§ **SUPPLIED MATERIAL**

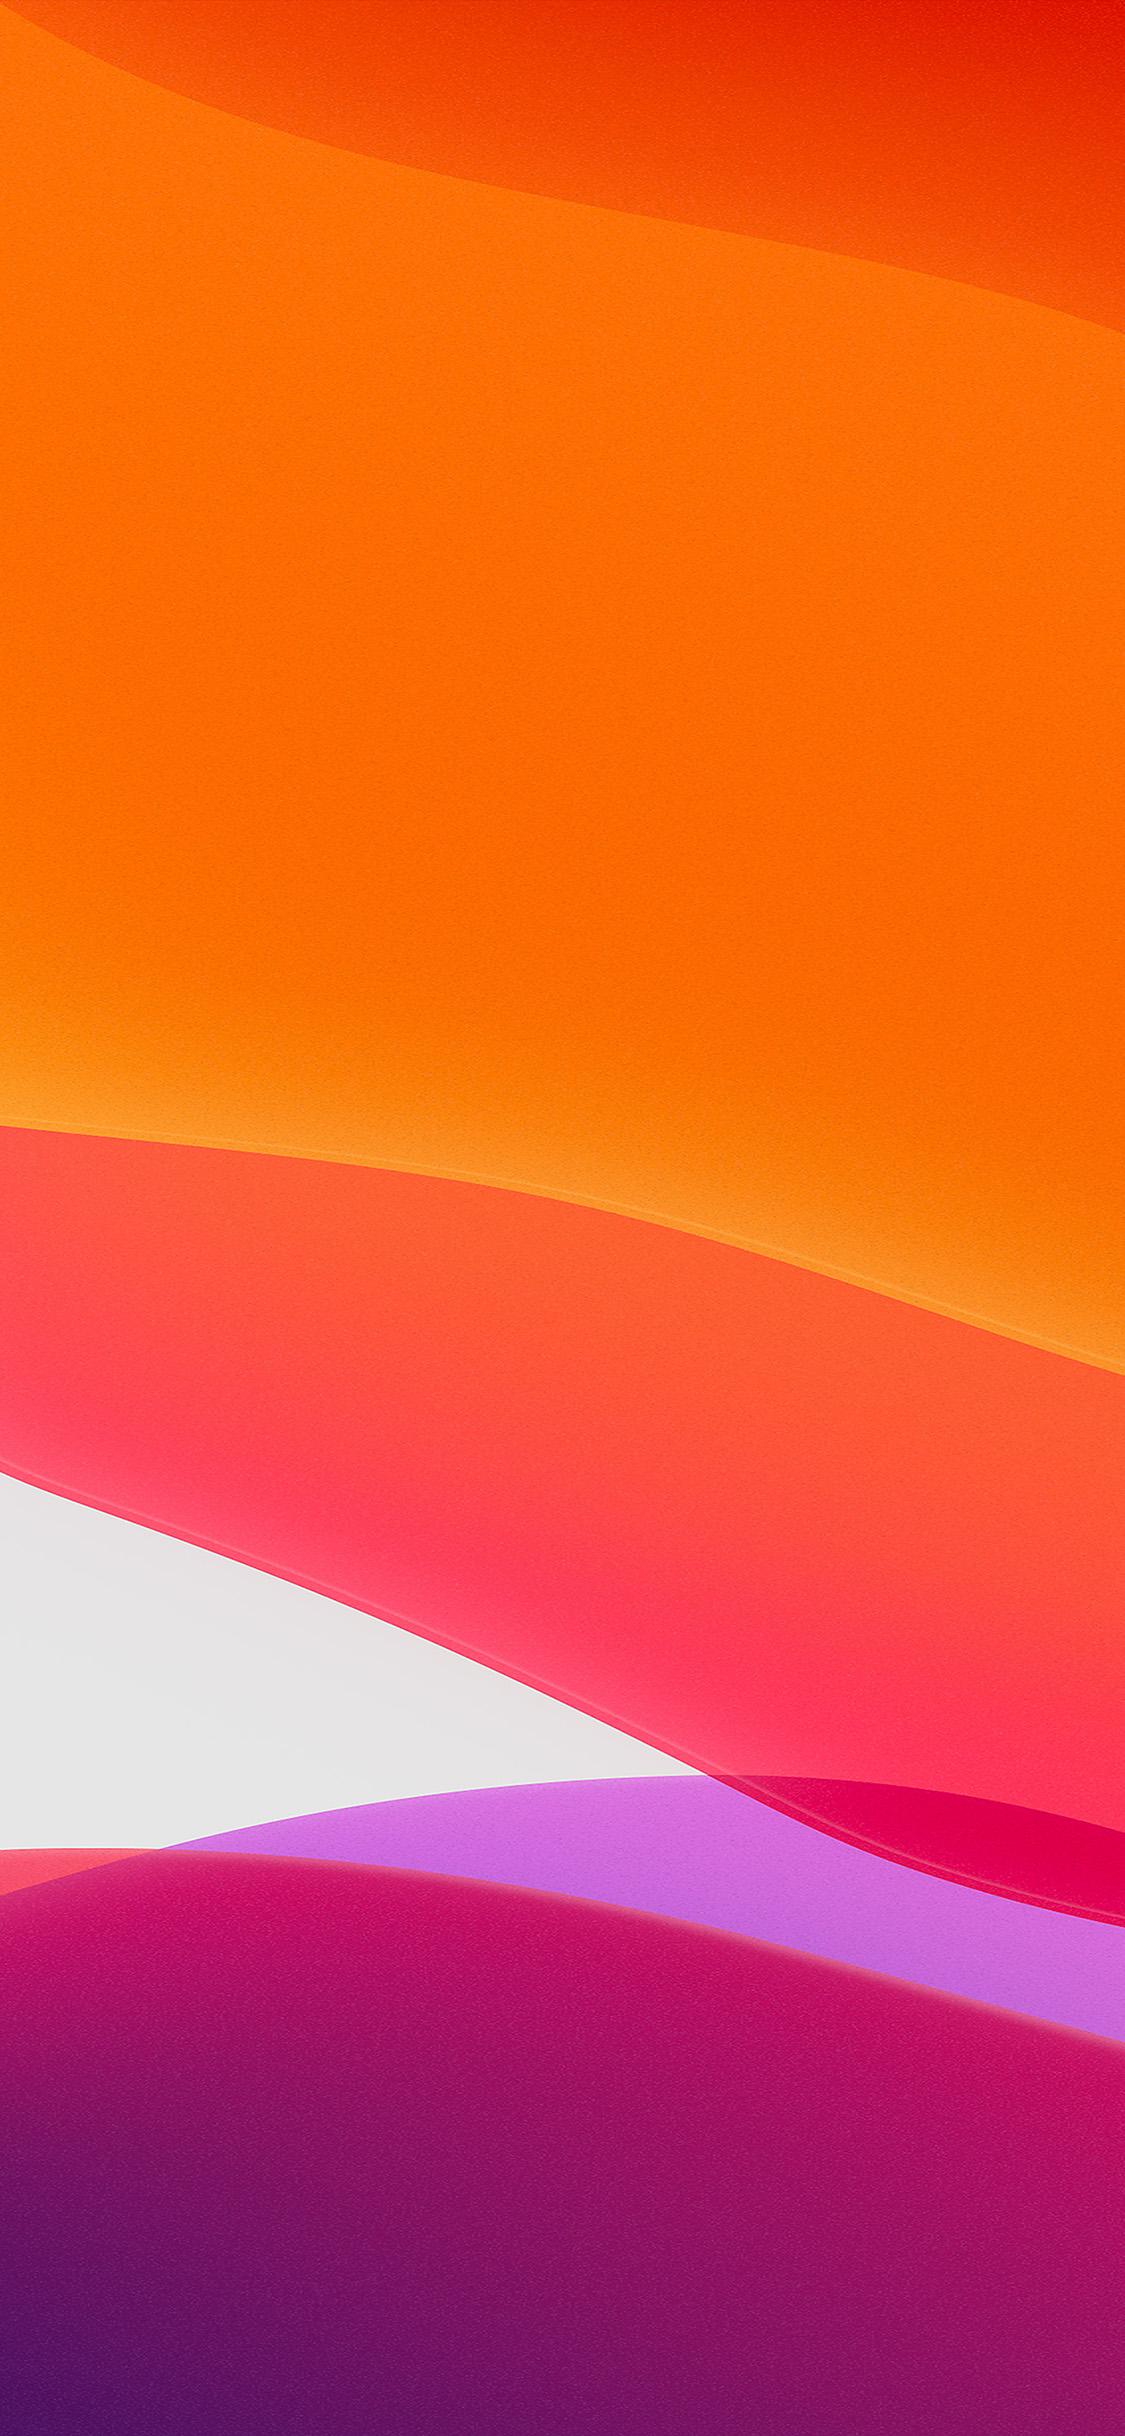 iPhonexpapers.com-Apple-iPhone-wallpaper-bj42-apple-iphone-ios13-background-orange-art
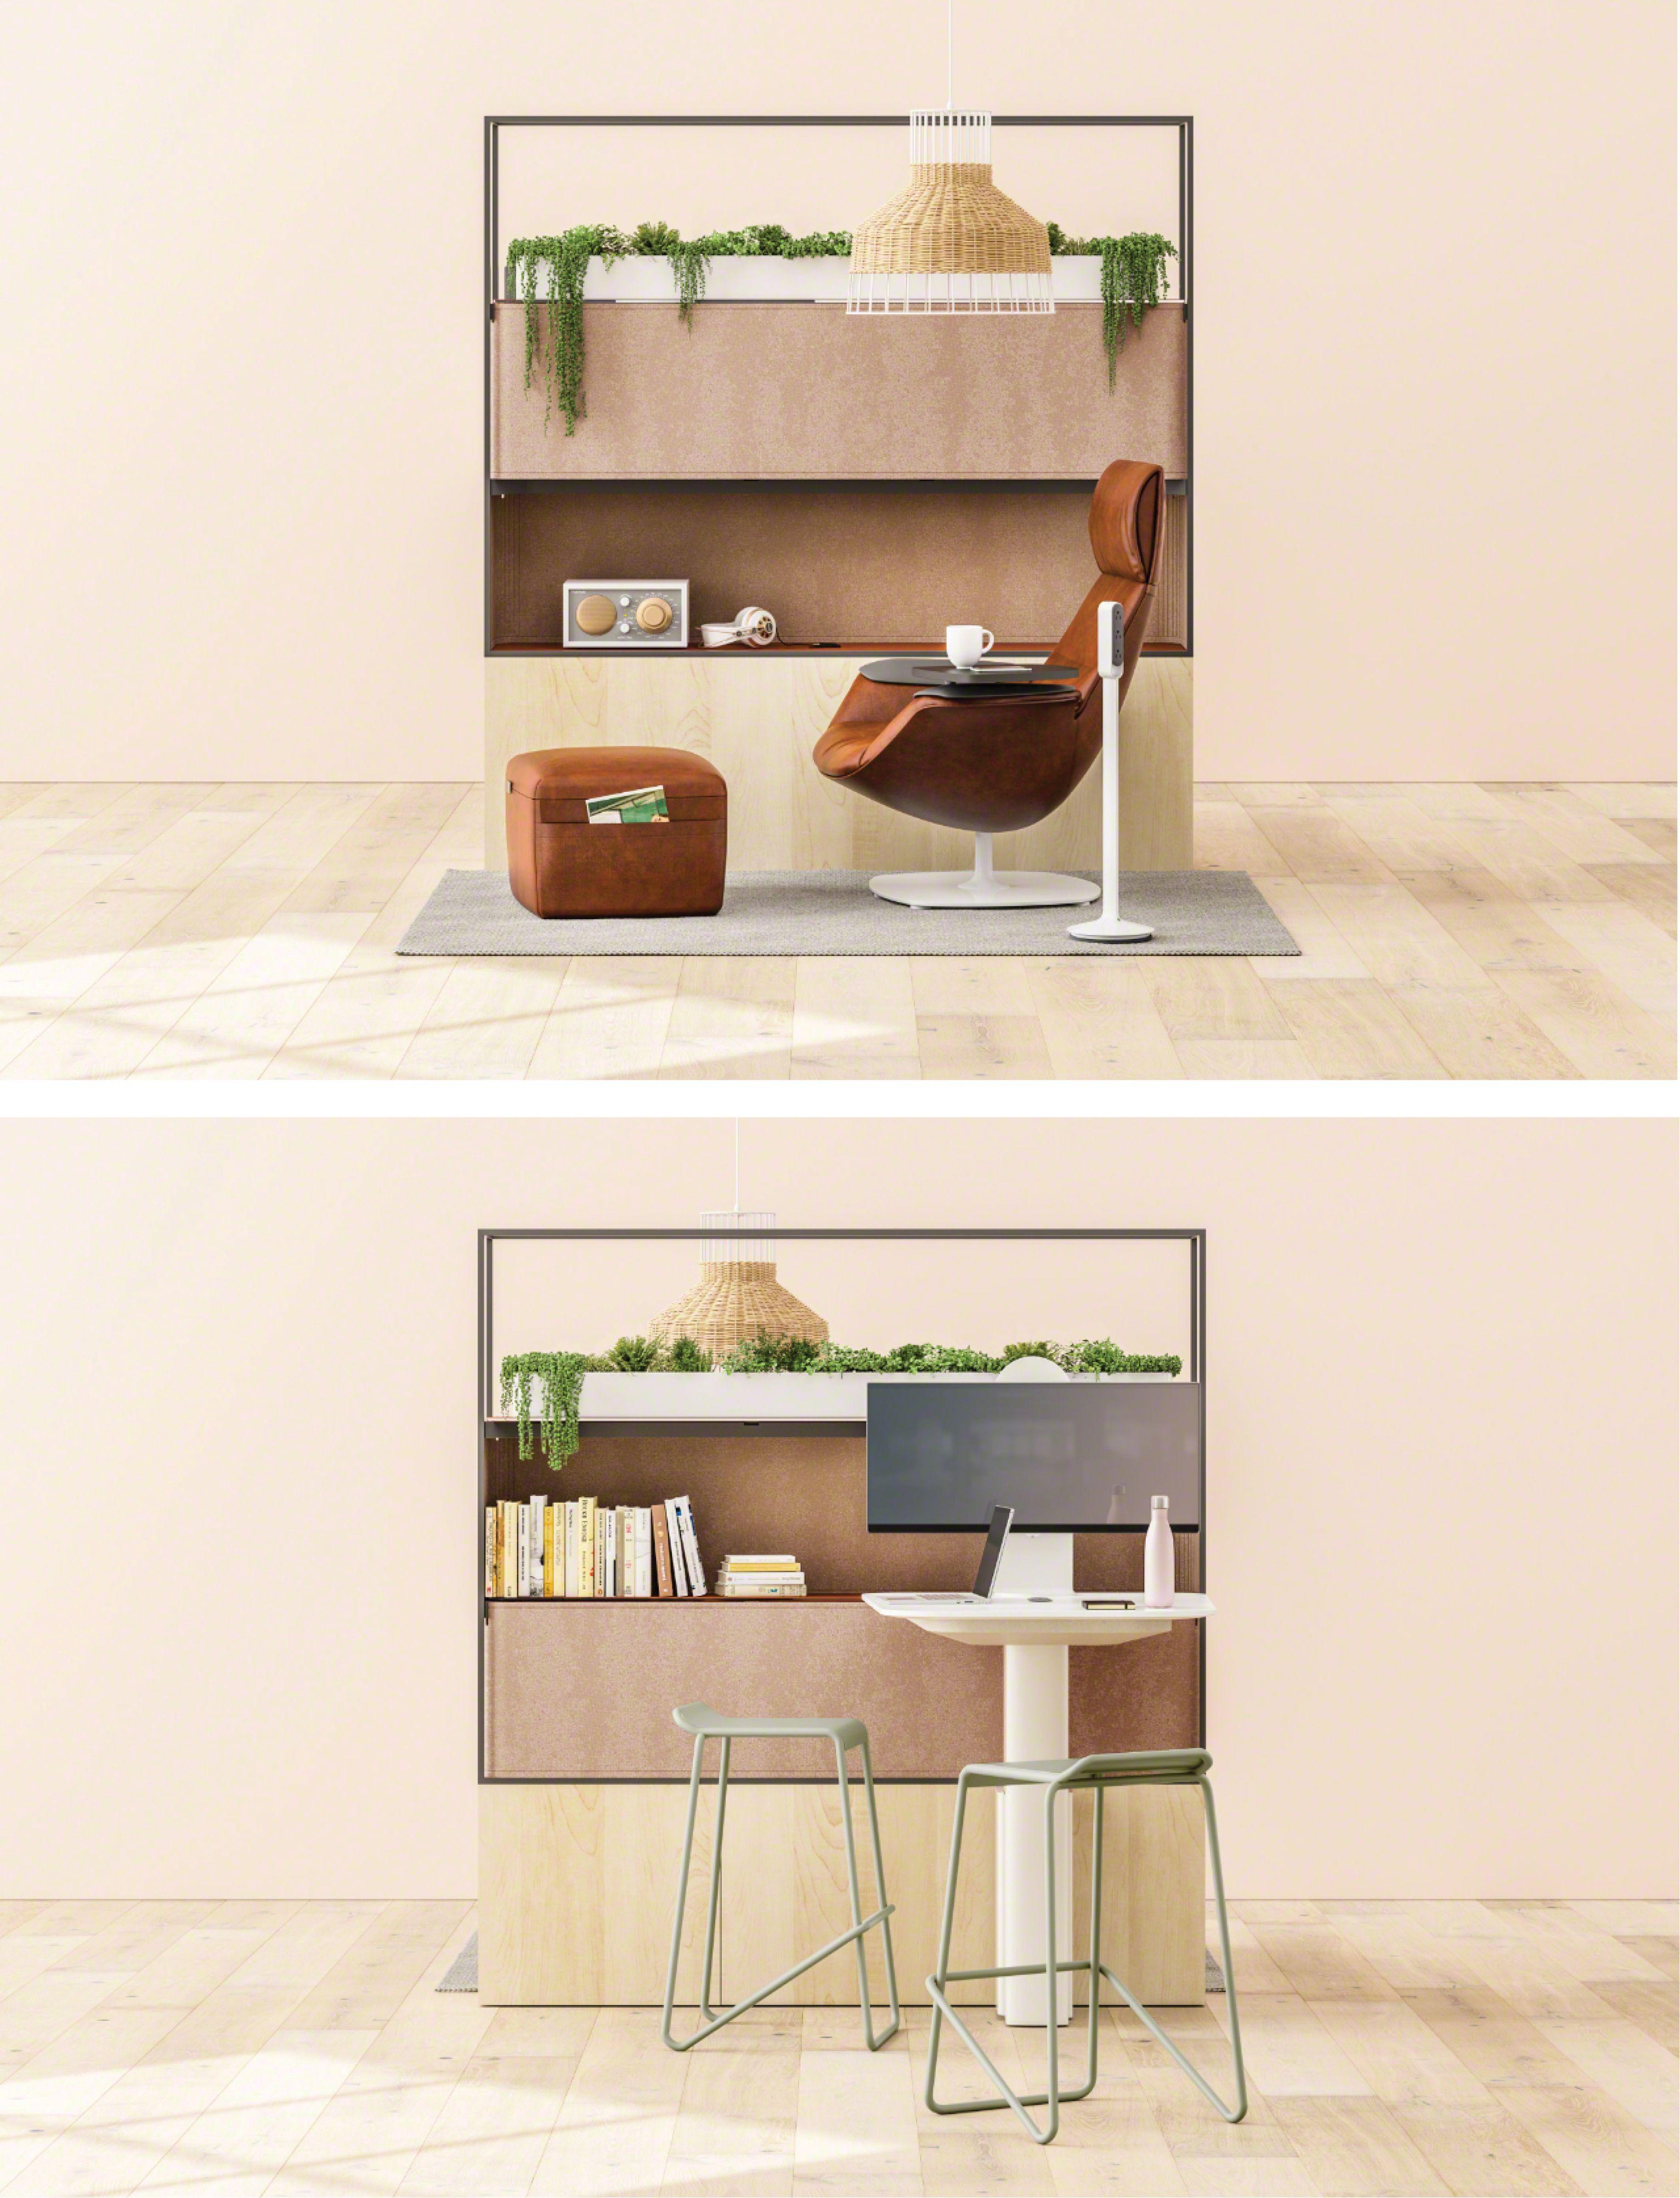 mackinac mackinac modular desk system modular desk system rh pinterest fr
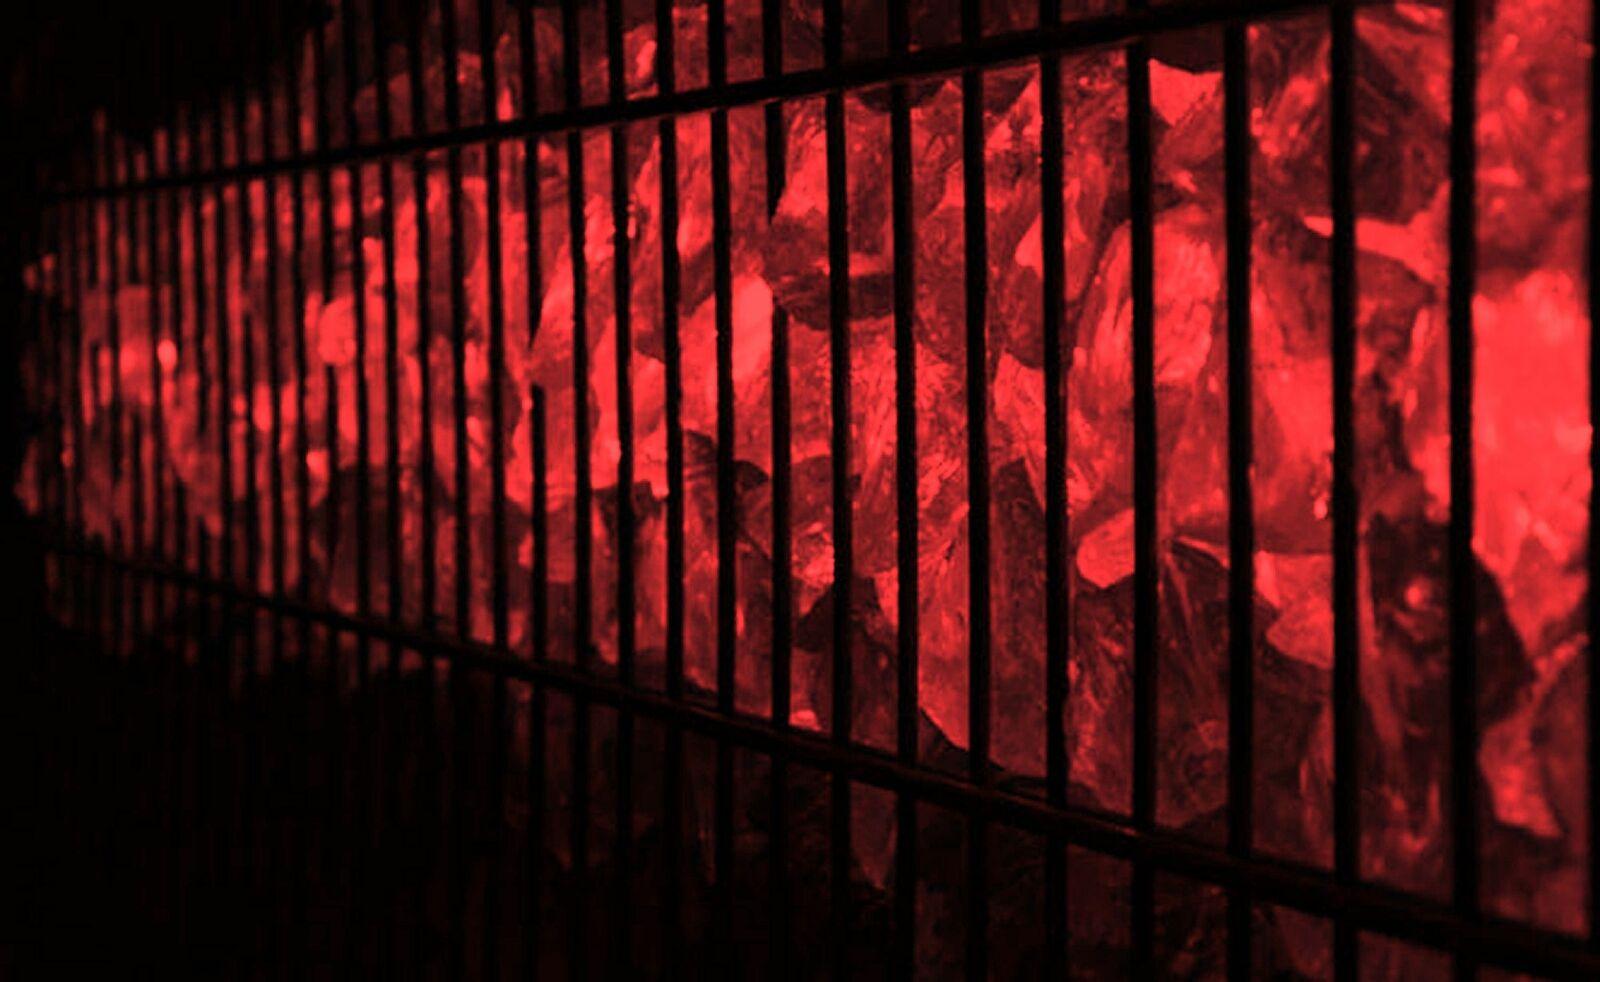 Led Gabionen Licht Beleuchtung LED 2x0,60m länge 360° Farbe rot Garten 230 Volt

§ **GOAL OF THE EXERCISE**
What is needed is the listing above, repeated verbatim, without its images.

§ **YOUR RESPONSE**
 iPhonexpapers.com-Apple-iPhone-wallpaper-bj42-apple-iphone-ios13-background-orange-art
 mackinac mackinac modular desk system modular desk system rh pinterest fr
 Led Gabionen Licht Beleuchtung LED 2x0,60m länge 360° Farbe rot Garten 230 Volt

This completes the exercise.